Newnham’s Iain Bain royal book design published

PUBLISHED: 12:02 30 June 2018 | UPDATED: 18:20 04 July 2018

Tributes have been paid to Iain Bain, former David's Bookshop chairman and hammer thrower. Picture: Courtesy of David Walker

Tributes have been paid to Iain Bain, former David's Bookshop chairman and hammer thrower. Picture: Courtesy of David Walker


A book of illustrations of plants in Prince Charles’ property in Romania, which was designed by late Newnham resident Iain Bain, is set to be published.

Iain, who died in April aged 84, had lived in the village for nearly 60 years.

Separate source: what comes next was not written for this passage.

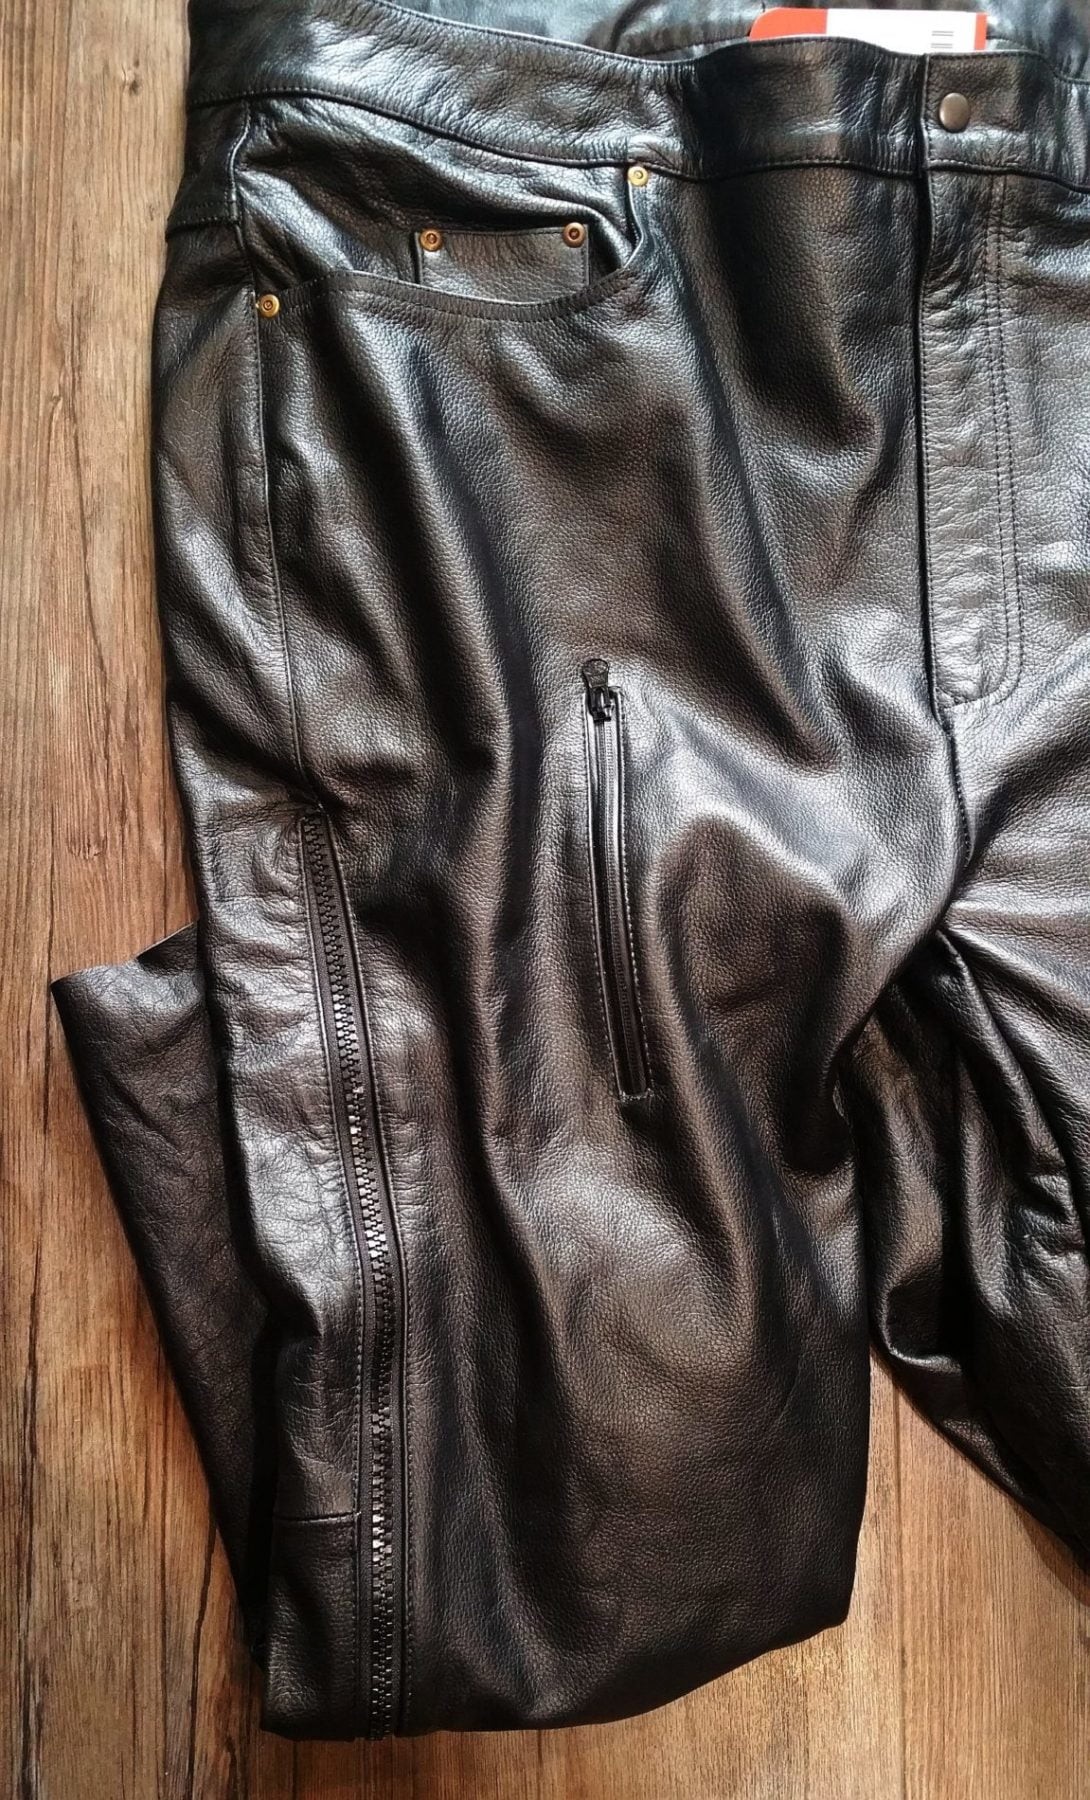 Plus-sized, short legs? Rejoice in these armored leather riding pants!

Throughout his life he had taken on many interests – he was a former champion hammer thrower who later became head of publications at the Tate Gallery, and was for many years chairman of directors at David’s Bookshop in Letchworth.

The final works by Iain – A Transylvania Florilegium, the first volume of which is to be published on Tuesday – is a collection of watercolour pictures of plants at the Prince’s Romanian home, which he designed.

Seven years in the making, all 150 copies of the book were handmade and signed by Prince Charles, and will sell for £12,950 for both volumes, with profits going to the Prince of Wales’ Charitable Foundation.

In 2008, Iain was the designer and production manager for a book of watercolours of the flowers at the Prince’s home Highgrove – which A Transylvania Florilegium is inspired by – published to mark the royal’s 60th birthday.

Other books he designed include David’s Book of Letchworth, a history of and guide to the garden city published by David’s Bookshop.

His knowledge of print and engraving were also utilised in setting up some of the exhibits at Ashwell village museum.

The former owner of David’s Bookshop, William Armitage, said: “Iain’s breadth of vision and real interest in the community he lived in made him an ideal chairman for David’s.”

In addition to his royal book designs, Iain was a world-renowned expert on print and design history, notably the work of the 18th/19th century engraver and natural history author Thomas Bewick, and gained a range of awards for his research.

He was also an accomplished player of the bagpipes and – probably his greatest love as a musician – the Northumbrian small pipes, on which he gave performances locally.

There is a memorial service planned in Iain’s honour for September, which will be held at St Mary’s Church in Ashwell.

He is survived by his wife Susan – they married in 1958 – and their daughters Christina and Catriona.